Неповторимый, как и все люди на земле, он не был безгрешным праведником, не совершил, надеюсь, и смертного греха из тех, что лежат за гранью допустимого в понятии всех нас, мятущихся грешников, простых обывателей жизни. Если где и словчил, слукавил, то кто хоть единожды не ступал на эту скользкую дорожку? Зато и щедрым бывал, и покаянным и милосердным.
Появляясь в писательском доме, любил широким жестом достать из портфеля бутыль с домашним вином, газетный сверток с простодушной снедью. Угощал всех оказавшихся рядом, наивно нахваливая мутное и кислое питие собственного производства под названием «зеленое вино».
– Пейте, не стесняйтесь, это же так полезно для здоровья!
Скромно отхлебнув евтушенковского напитка, народ морщился и ретировался на безопасное расстояние – подальше от неминучей изжоги. Дачную «изабеллу» многие из нас делали несравнимо лучше, но вежливо помалкивали. Зато именно Анатолий Евтушенко сочинил броскую самонадеянную книжку «Поклон домашнему вину» с множеством рецептов, рекомендаций и знахарских обоснований полезности предлагаемого им зелья. Более того, забил дом многотысячным изданием этой книги и затеял крутую коммерцию с ее реализацией. Ничего путного из этого не вышло. Тираж-то разобрали, но денег не выплатили. Потянулась судебная волокита, стоившая ему больших нервных издержек, но не оправдавшая финансовых претензий. История описана в книге «Дон мой дом». Я же свидетельствую по памяти, ибо много раз слышала громогласные тирады Евтушенко по этому поводу.
Нашенским казаком по рождению Анатолий Григорьевич не был, но авантюрность казачья проглядывала в нем несомненно. Определив жанр своей книги «Дон мой дом» как были и небылицы, он явно тяготел ко второму. И тем не менее жить стремился независимо. Издавая многие книги за собственный счет, умудрялся как-то реализовывать их по приличной цене – оправдывал затраты, не бедствовал, планировал очередное коммерческое издание. Не знаю, помогал ли сыновьям и дочери, но речь о них заводил крайне редко. У меня сложилось впечатление, что семейная жизнь у него рассыпалась по причинам типично мужским. Судить об этом не берусь. Однако женской лаской он не был обделен да и не скрывал горячего влечения к слабому полу. Ну и молодец! – решаю я из солидарности с чувством, побеждающим бесчувственность.
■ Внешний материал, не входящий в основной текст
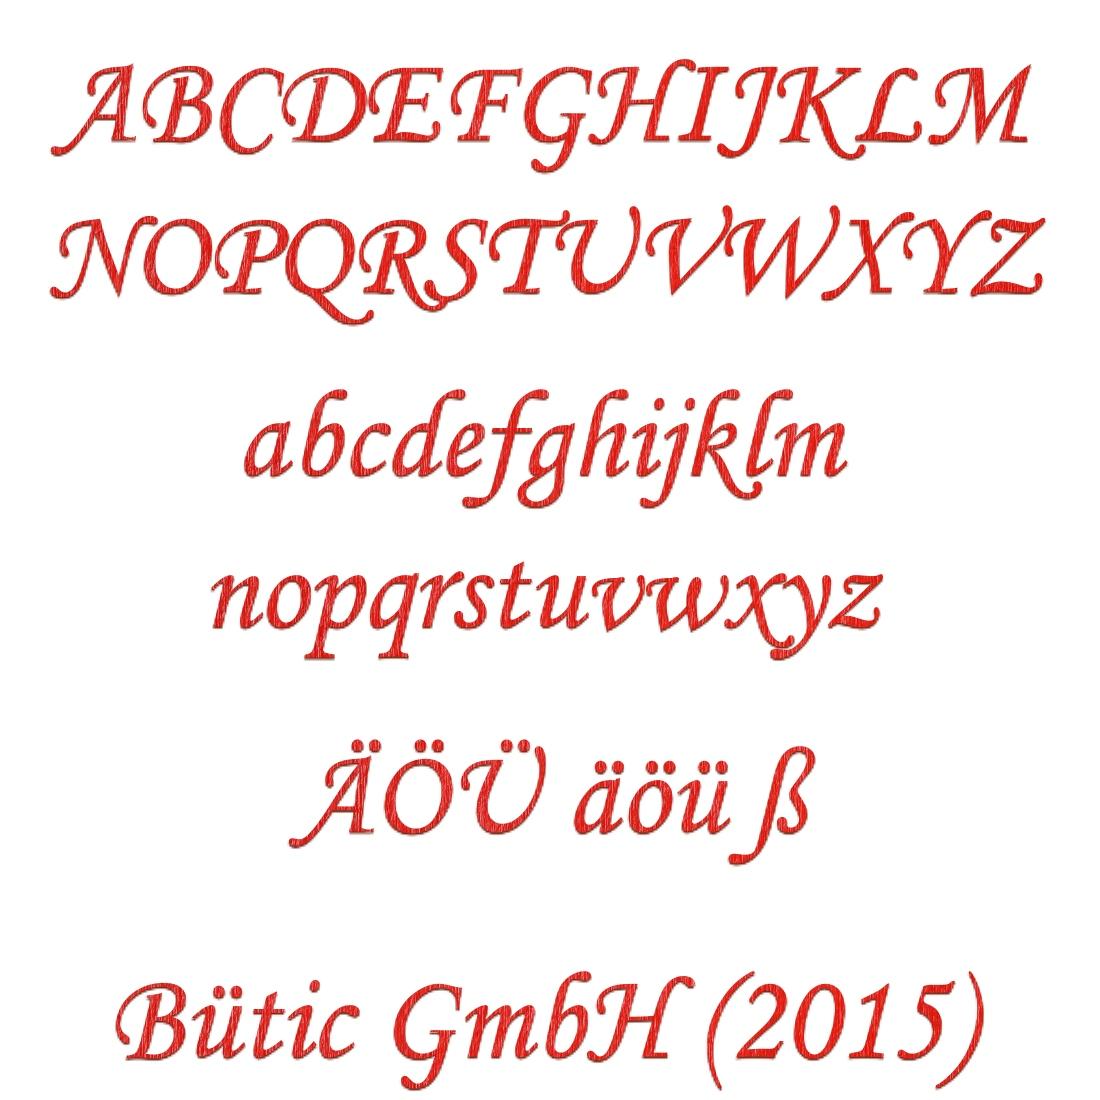 sperrholz buchstaben rot mt5 20 wunschtext schriftzug mit gr enauswahl. Black Bedroom Furniture Sets. Home Design Ideas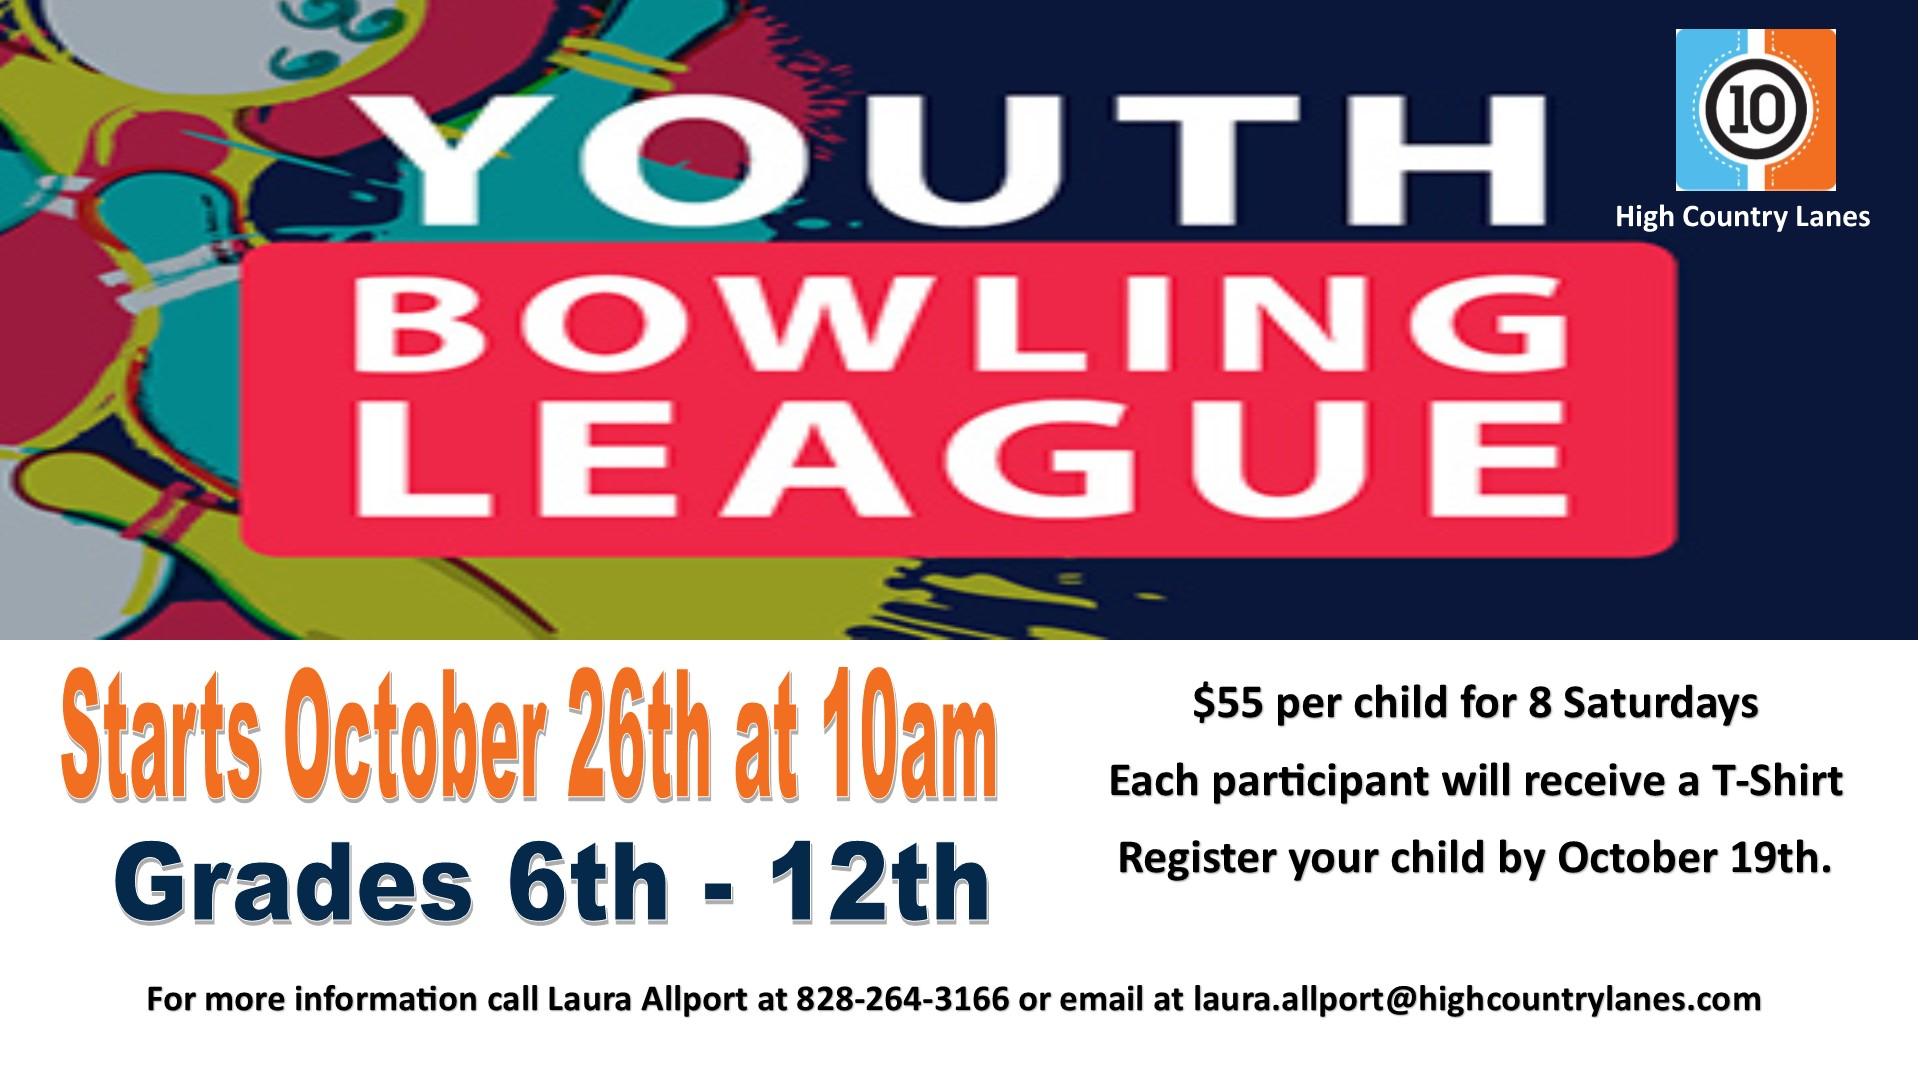 Youth League social media

Для тех, кто мало знал героя моего рассказа, коротко приведу главные вехи его судьбы.
А. Г. Евтушенко родился 10 марта 1929 года в Петропавловском районе Днепропетровской области. Отец его был сельским кузнецом, стал председателем колхоза имени Сталина в селе Добринка, прошел войну, вернулся победителем, перевез семью в город Билев Тульской области.
Анатолий, заканчивая 9-й класс вечерней школы, уже работал токарем-универсалом на заводе им. Ворошилова. В 1949 году был призван в армию. Служил в авиационном училище им. Марины Расковой, затем курсантом училища военных летчиков штурмовой авиации. Летать медики запретили, и по совету авиаконструктора Туполева будущий писатель стал мастером по авиационному вооружению.
В 1952 году А. Евтушенко поступил на заочное отделение филологического факультета Саратовского университета. С 1955 по 1962 год работал в театрах Саратовской и Волгоградской областей, занимался драматургией.
Профессиональная журналистика началась для него с урюпинской газеты «Знамя» – успешно. Затем более пятнадцати лет работал редактором фроловской районной газеты «Вперед».
Первое стихотворение Анатолия Евтушенко появилось в саратовском альманахе «Огоньки», первая книга «Орленок Красного Хопра» вышла в Нижне-Волжском книжном издательстве в 1966 году. Читателю он более всего известен как автор книг для детей и юношества: «Жил в станице мальчишка», «Тайна Змеиной пещеры», «Рыцари исчезнувшего острова». Самые солидные издания последних пятнадцати лет роман «Миражи», документальная книга-исповедь «Смута», сборники «Поклон домашнему вину» и «Дон мой дом».
Последняя книга вышла в издательстве «Станица-2», когда автор был уже смертельно болен. 12 марта 2000 года Анатолия Григорьевича Евтушенко не стало.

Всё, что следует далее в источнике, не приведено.